Мы продолжали путь и вскоре подъехали к мосту, перекинутому через бурно несшийся поток, в который превратился небольшой, в обычное время тихий и скромный, ручей. Он вздулся от дождей, и вода настолько поднялась, что струи ее уже переливались через низенький бордюр, заменявший перила моста. Несколько машин стояли у моста, не решаясь ехать.

Бабурао остановил машину и вышел. Засучив до колен свои серые коленкоровые панталоны и сбросив ботинки, он пошел на мост и дошел до его половины; вода на мосту достигла чуть выше его щиколотки. Вернувшись к машине, он осмотрел колеса, смерил веревочкой их высоту, прикинул что-то в уме и видимо остался доволен. Окинув снисходительно-пренебрежительным взглядом остановившихся у моста автомобилистов, он обратился к нам: «Они – не могут. Но я – могу, я проеду. Не бойтесь, я знаю, что могу». И, приняв смущенное молчание за знак согласия, он взялся за руль и уверенно направил машину на мост. Мы двигались очень медленно, и, казалось, плыли, а не ехали, – вода с двух сторон обтекала низ машины, как борта корабля. Было немного страшно.

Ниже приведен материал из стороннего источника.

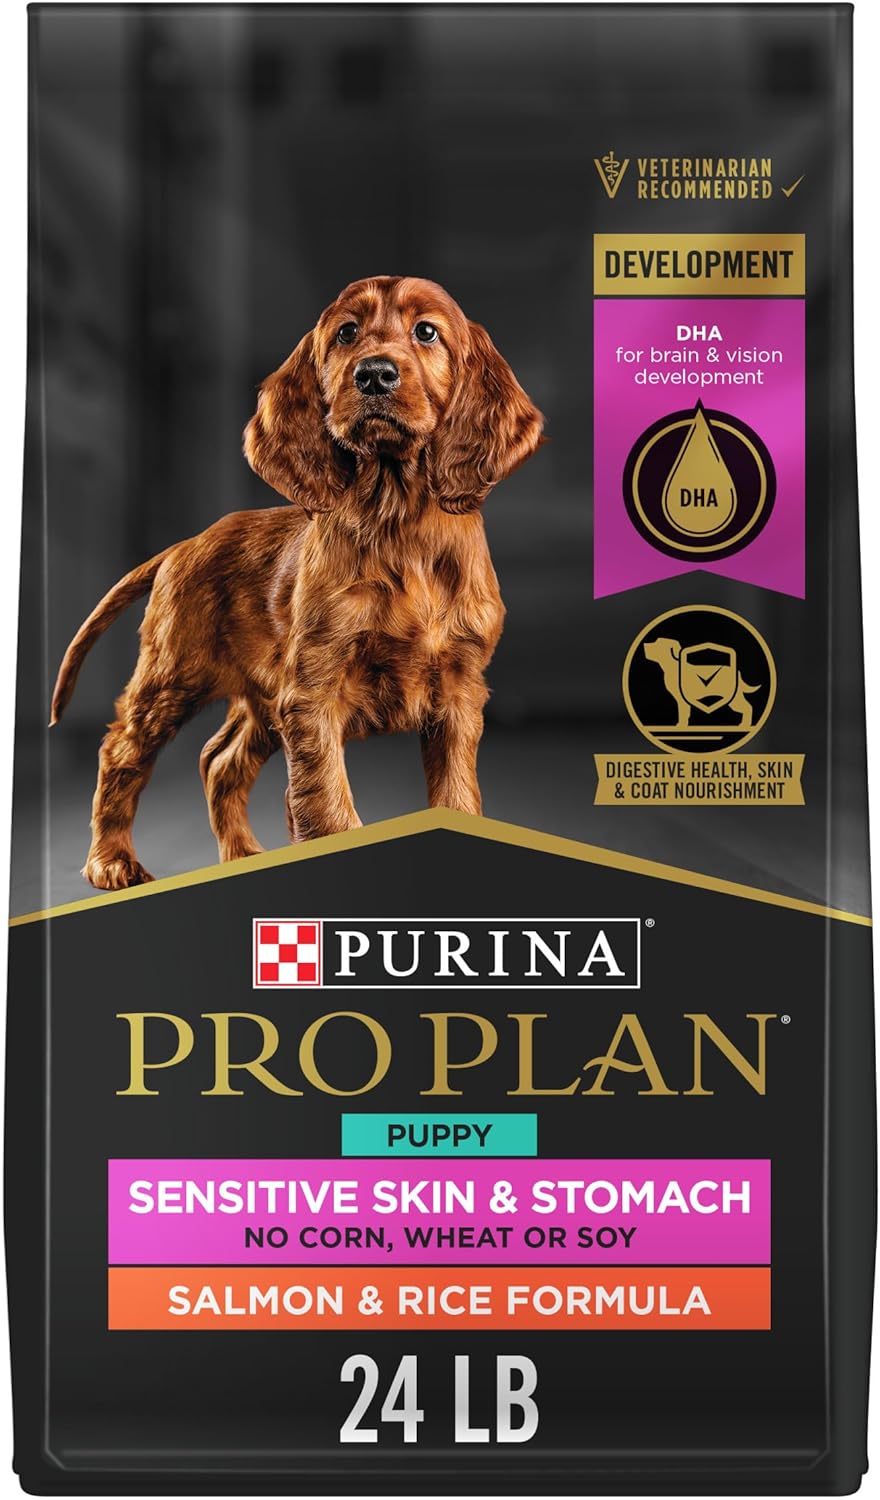 Purina Pro Plan Sensitive Skin and Stomach Dog Food Puppy Salmon and Rice Formula - 24 lb. Bag
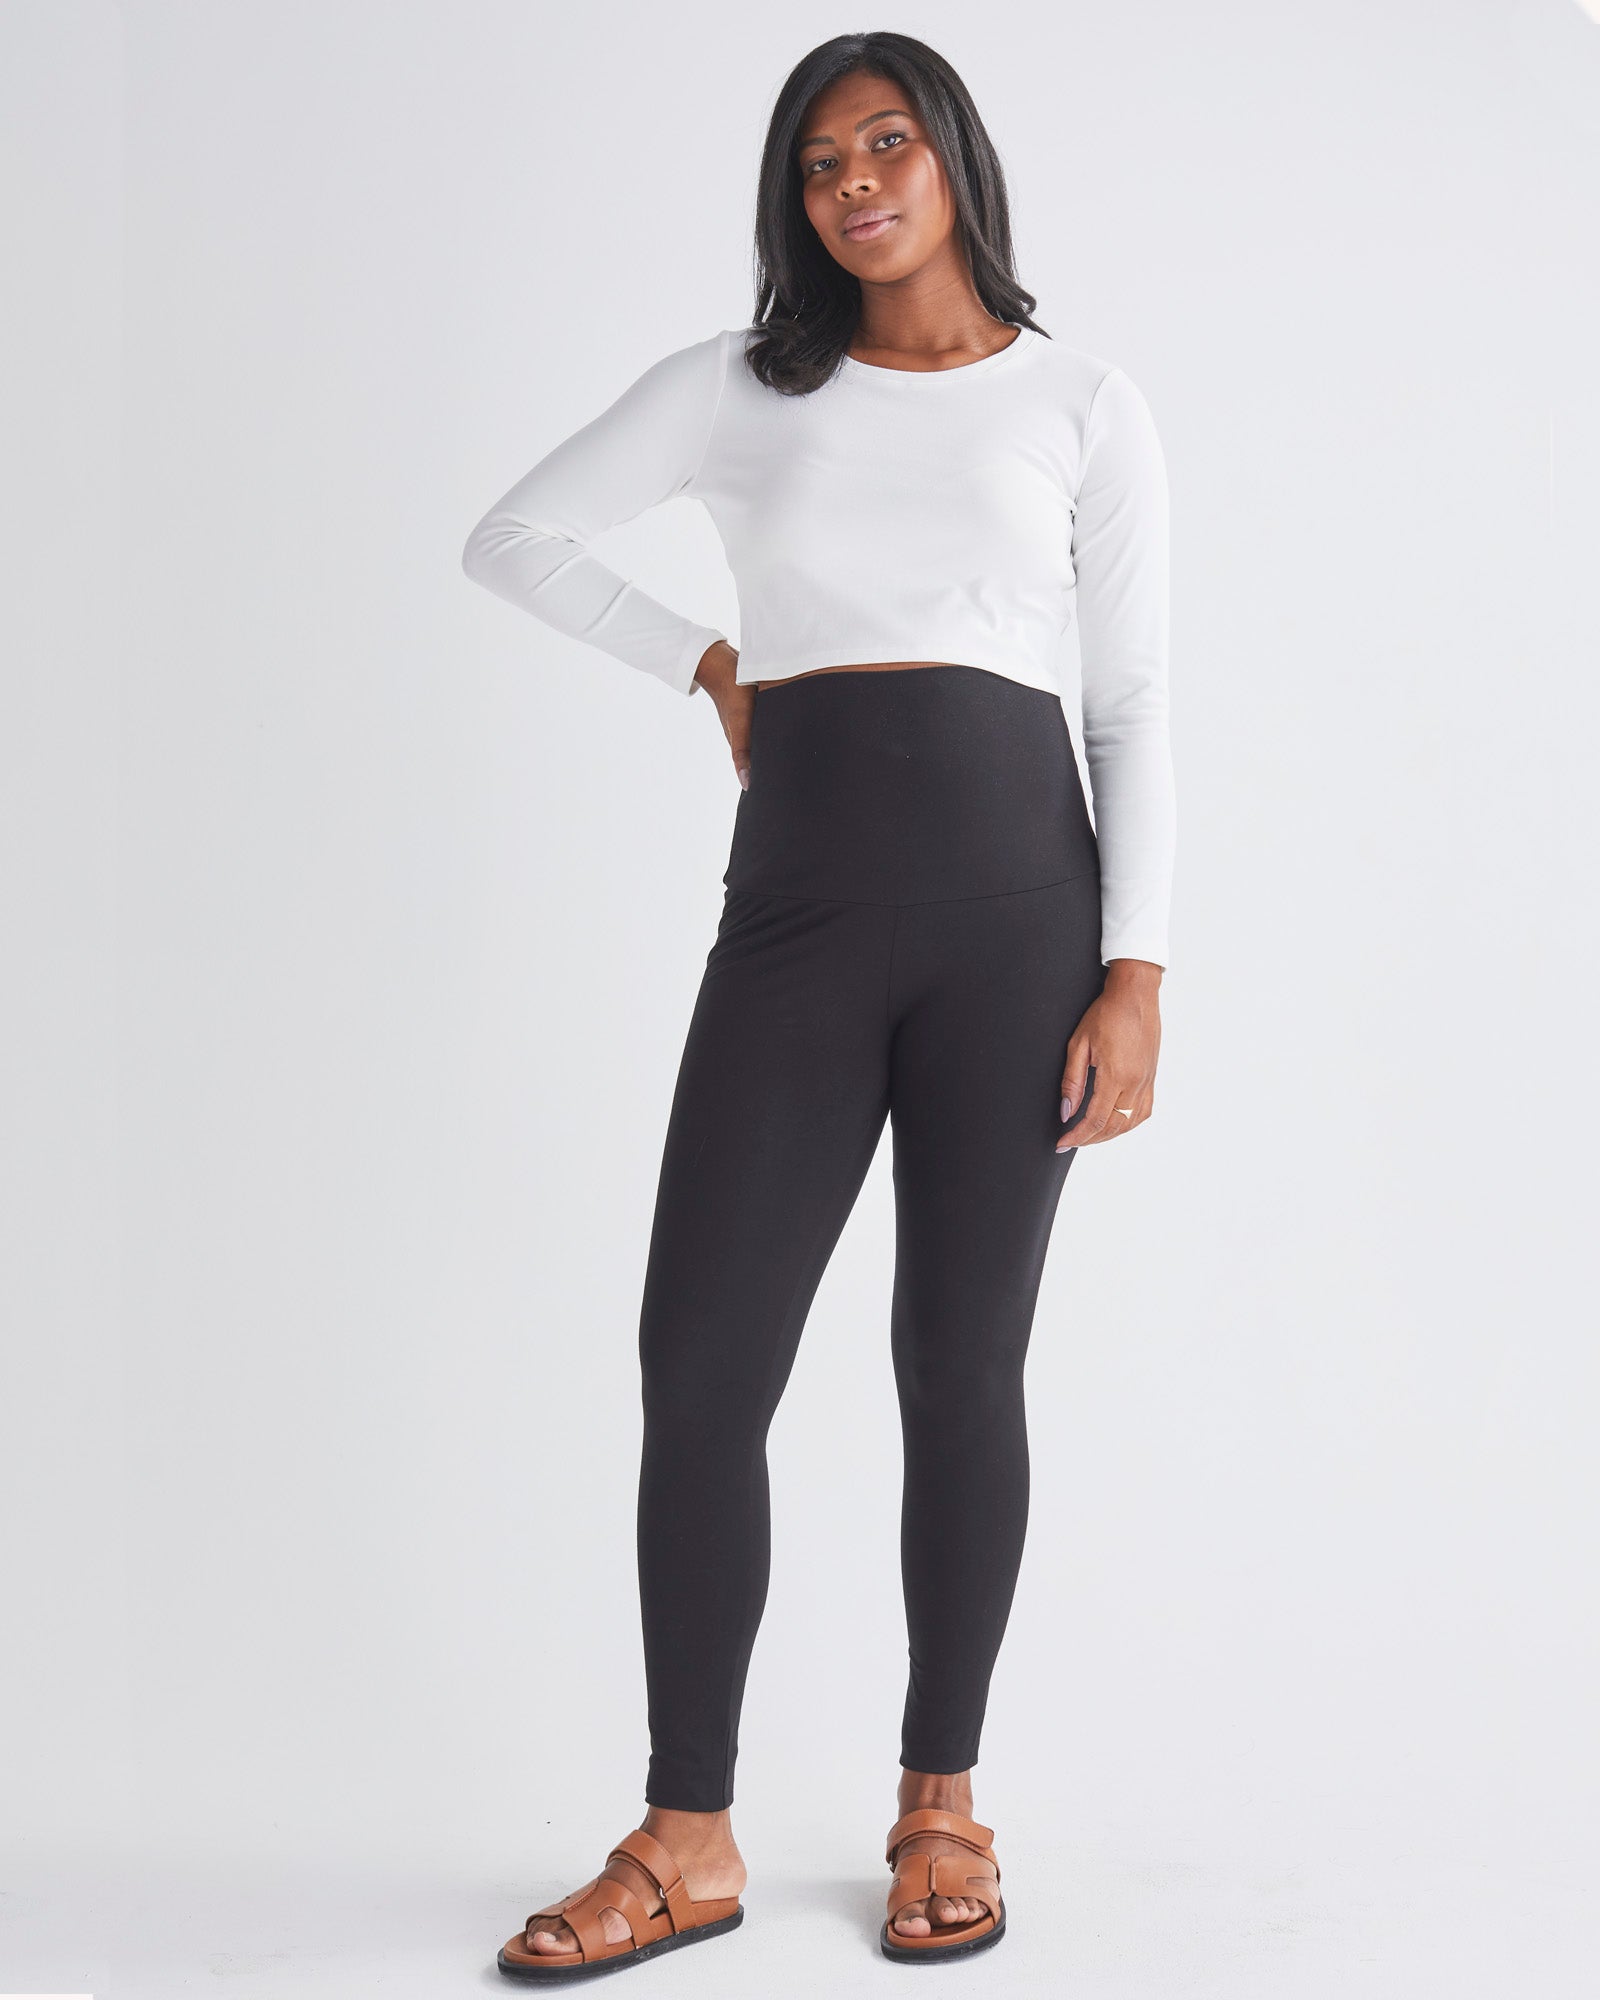 Shop Plus Size Australian Cotton Full Length Legging in Black

Балет придорожных деревьев

С торжеством, как победитель с поля сражения, вывел Бабурао машину на другой берег. «Я могу, и все они это знают, потому что я – лучший шофер Индии. Мне говорили это много раз, и они знают, что это так». Глаза его блестели, он улыбался – он был доволен собой. Но вдруг он замолк, прислушался – точно услышал голос. Лицо его приняло удивленное, затем испуганное, выражение. Больше он не сказал ни слова.

Разрушенный храм

Мы подъехали к деревушке, где находился отель, намеченный для ночлега. Это был большой и странный дом, деревянный, со множеством пристроек и надстроек. Темные извилистые коридоры вели из комнаты в комнату и с террасы на террасу. Комнаты были очень высокие – вышина их превосходила ширину и длину. Старинная мебель из темного дерева была покрыта слоем пыли. Над кроватями балдахинами колыхались сетки от комаров. Чучело крокодила скалило зубы в темном углу, над ним улыбались полинезийские маски, выкрашенные в белый и красный цвета. За окном виднелись серые пологие холмы, скупо освещенные тонким серпом ущербного месяца.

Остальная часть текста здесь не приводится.